» **What you are asked to do**
The whole listing below needs to be duplicated exactly, pictures aside.
------ Information provided ------
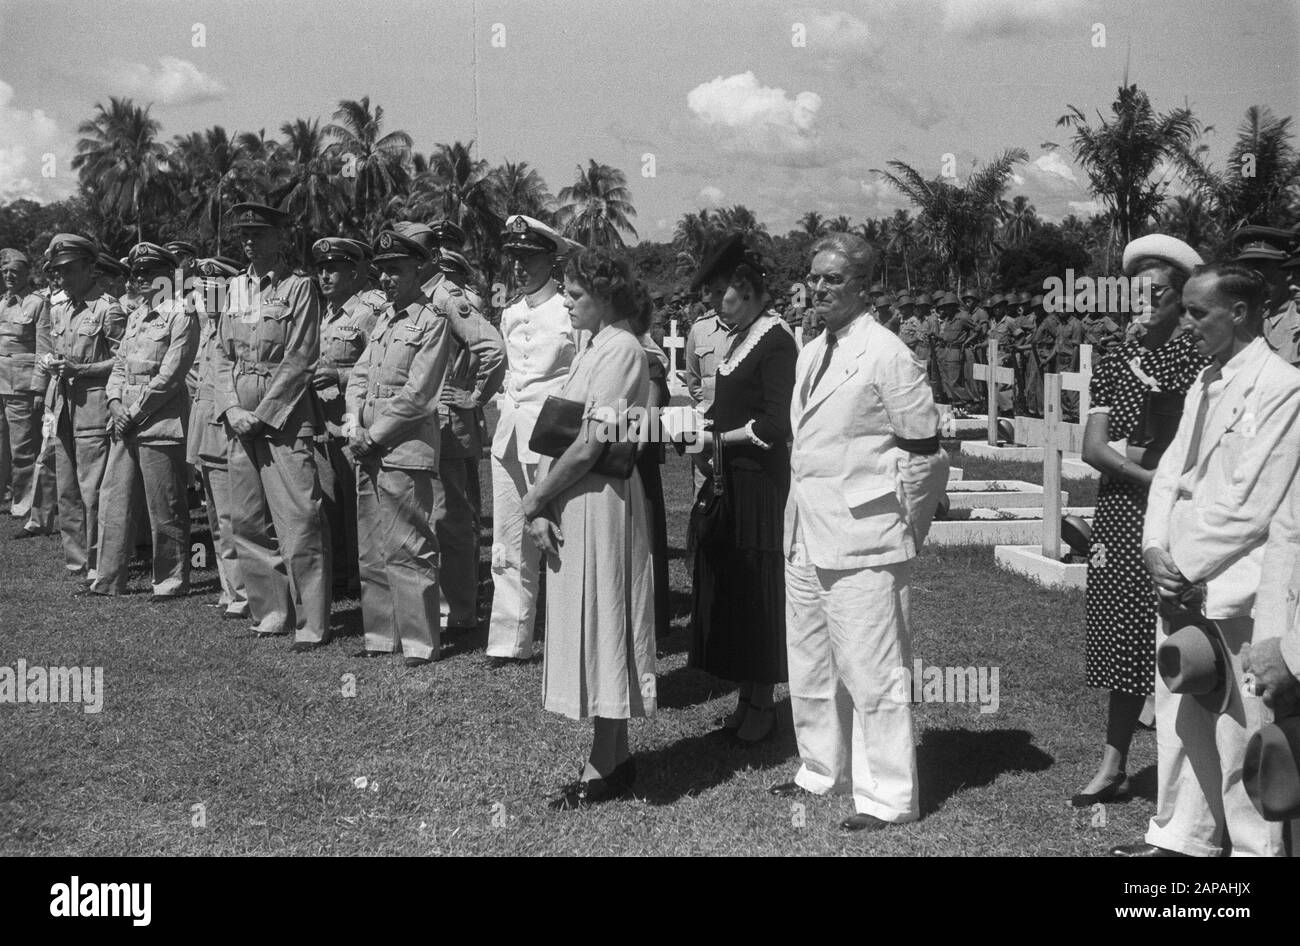 Burial General Rail Description: Burial General Rail [on Honorary Field  Menteng Pulo] [Captain Lieutenant ter Sea M. Spoor (nephew) the widow Mrs.  Spoor-Dijkema, brother André Spoor and some officers] Date: 28 May
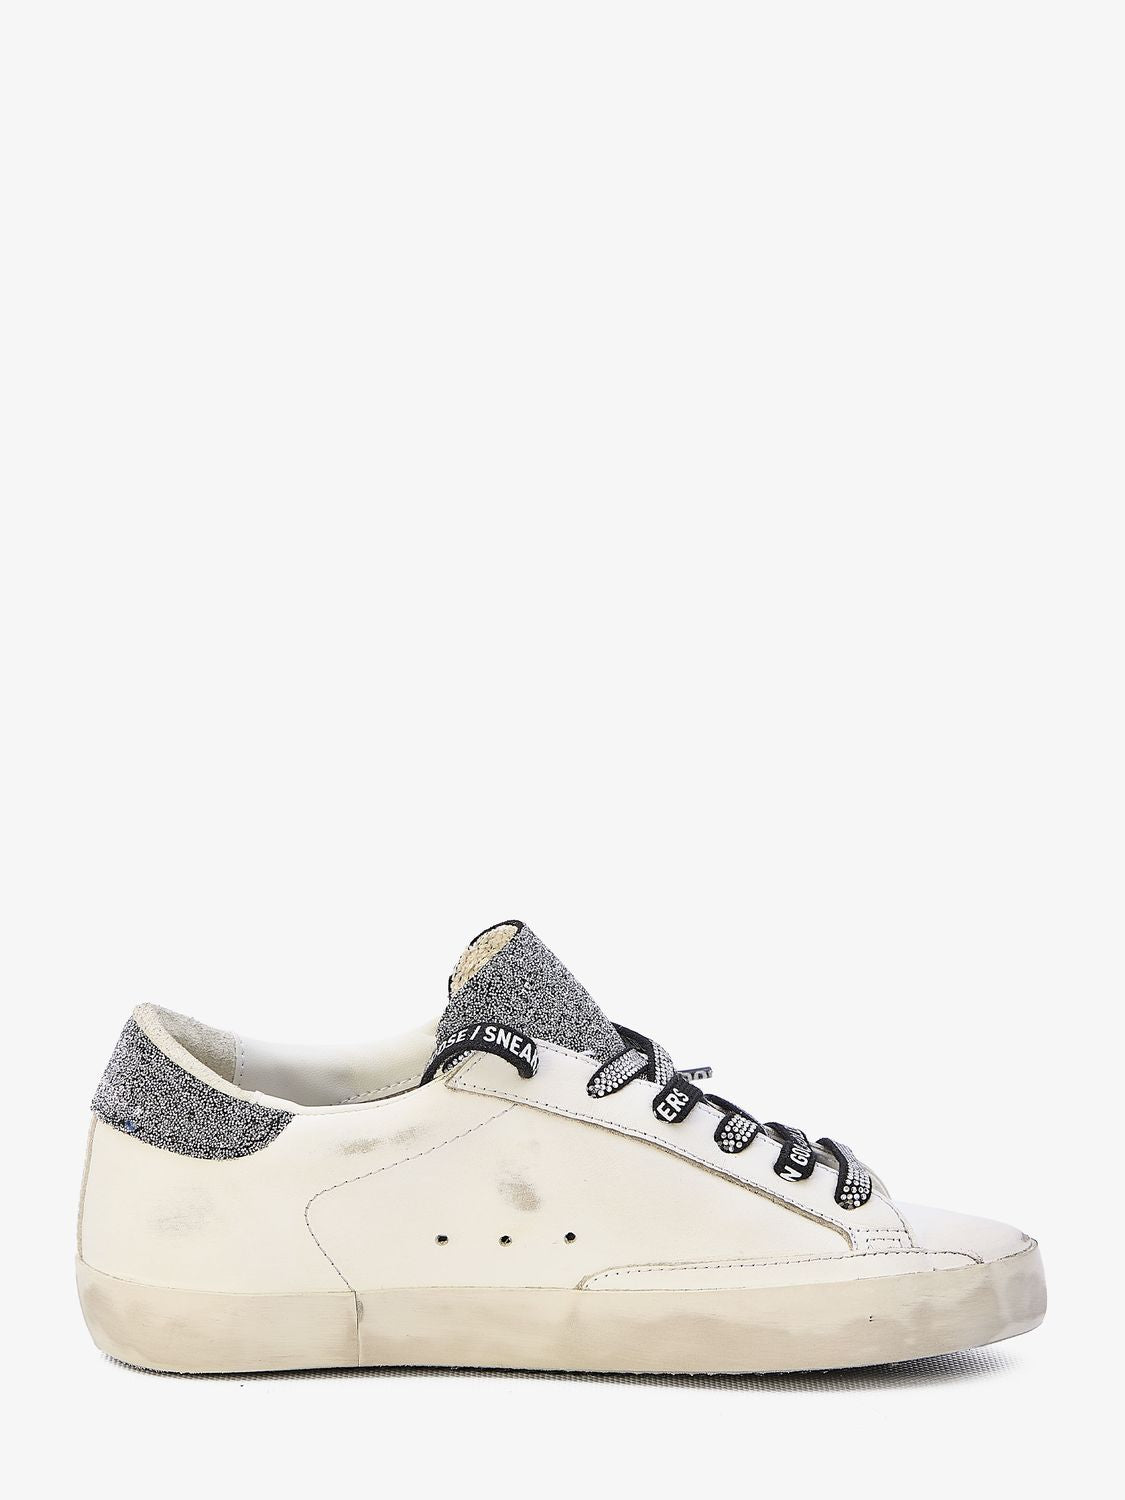 GOLDEN GOOSE Vintage White Leather Crystal Super-Star Sneakers for Women
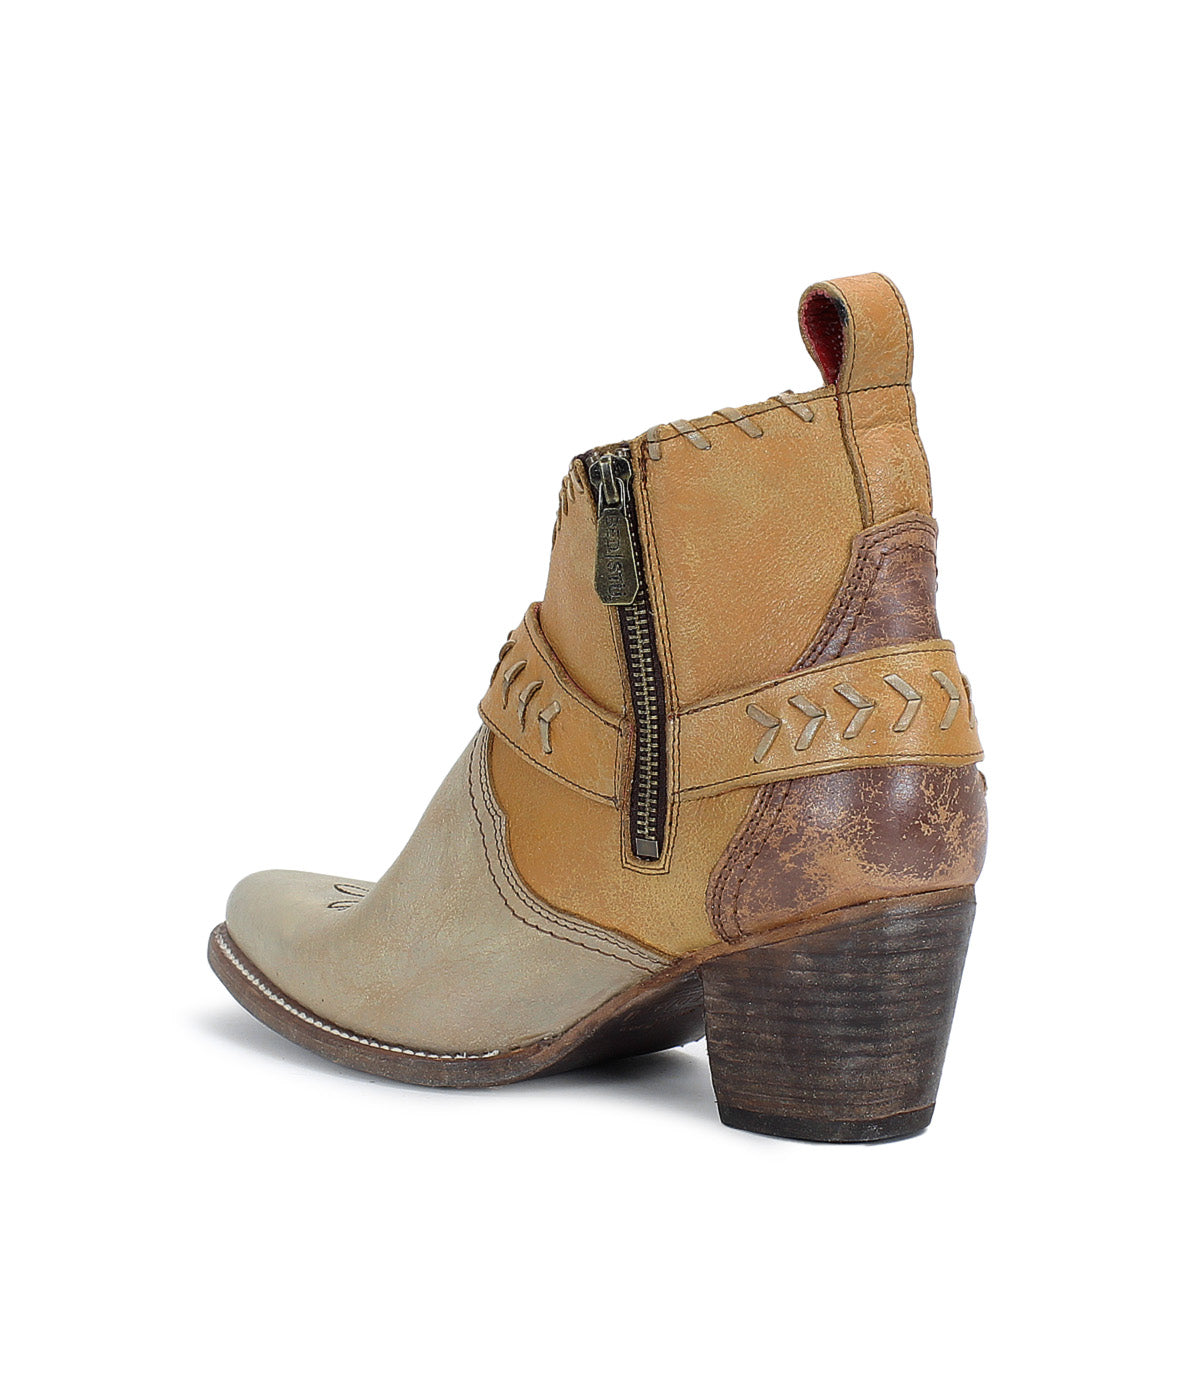 A women's ankle boot in tan and brown called the Tania by Bed Stu.
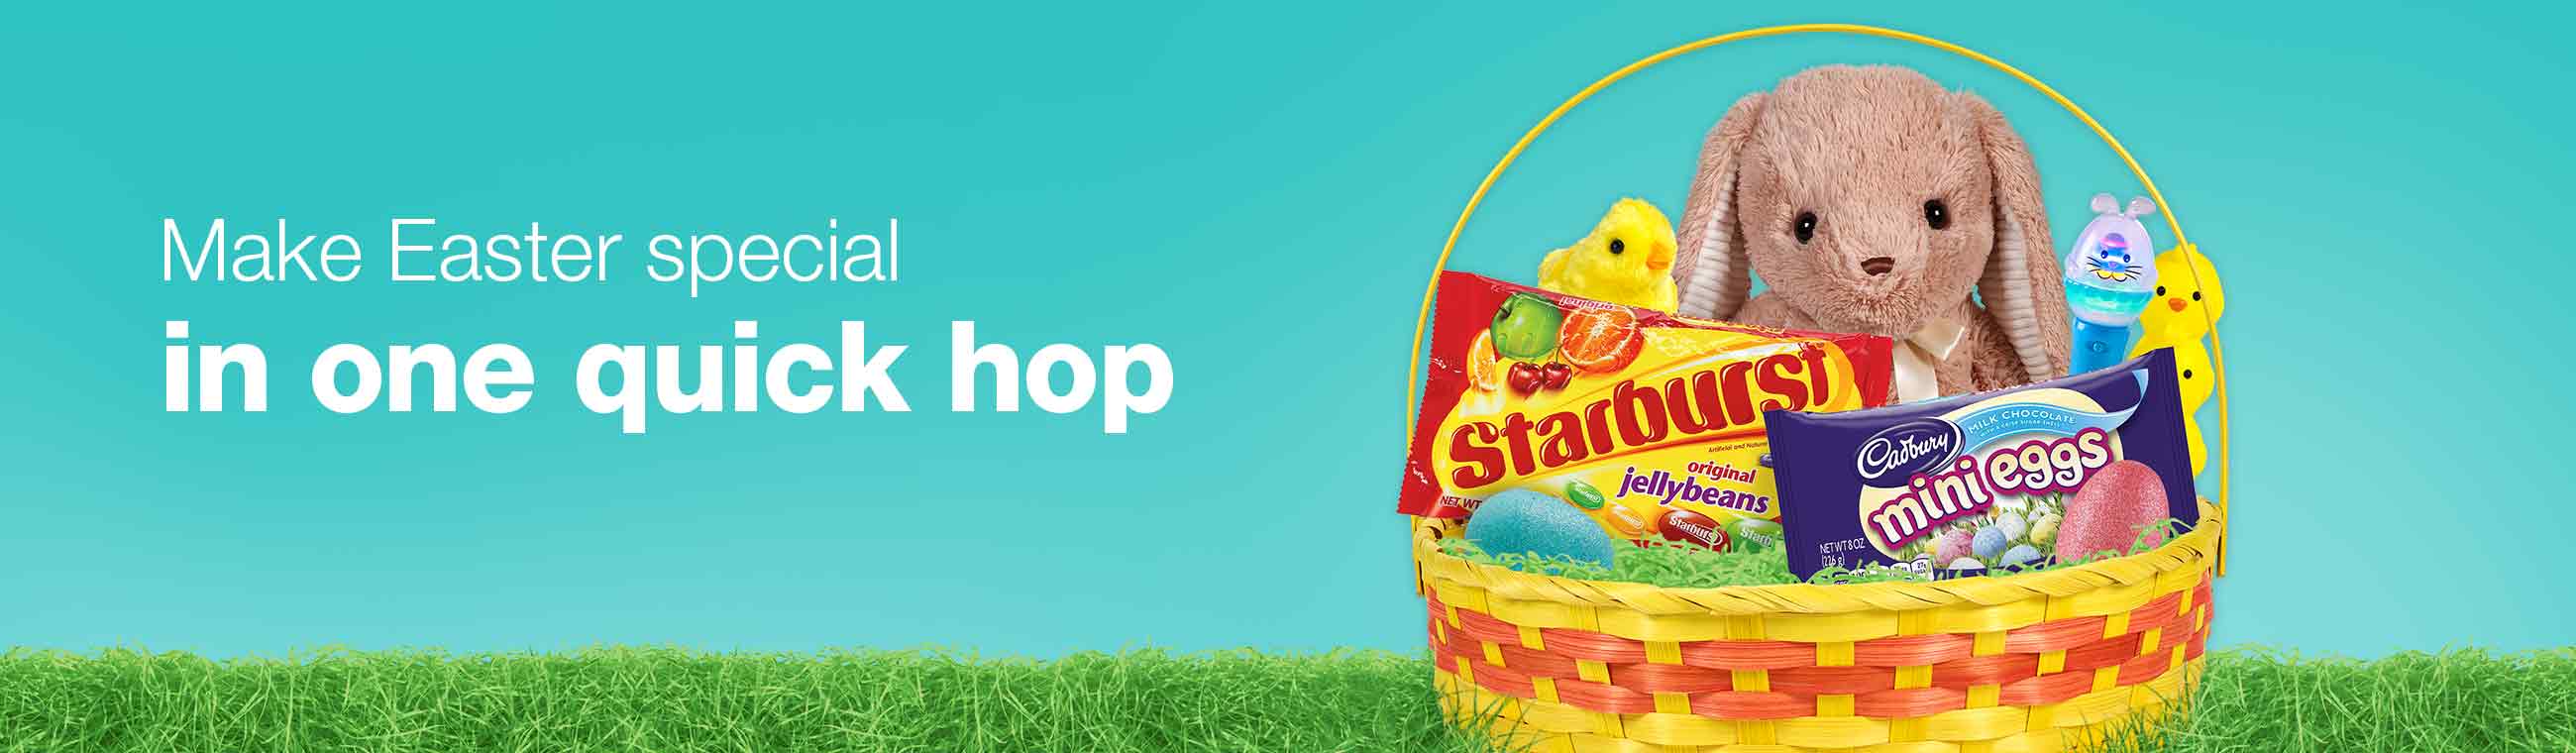 Make Easter special in one hop.
------
» **Response to the exercise**
 Burial General Rail Description: Burial General Rail [on Honorary Field  Menteng Pulo] [Captain Lieutenant ter Sea M. Spoor (nephew) the widow Mrs.  Spoor-Dijkema, brother André Spoor and some officers] Date: 28 May
 GOLDEN GOOSE Vintage White Leather Crystal Super-Star Sneakers for Women
 A women's ankle boot in tan and brown called the Tania by Bed Stu.
 Make Easter special in one hop.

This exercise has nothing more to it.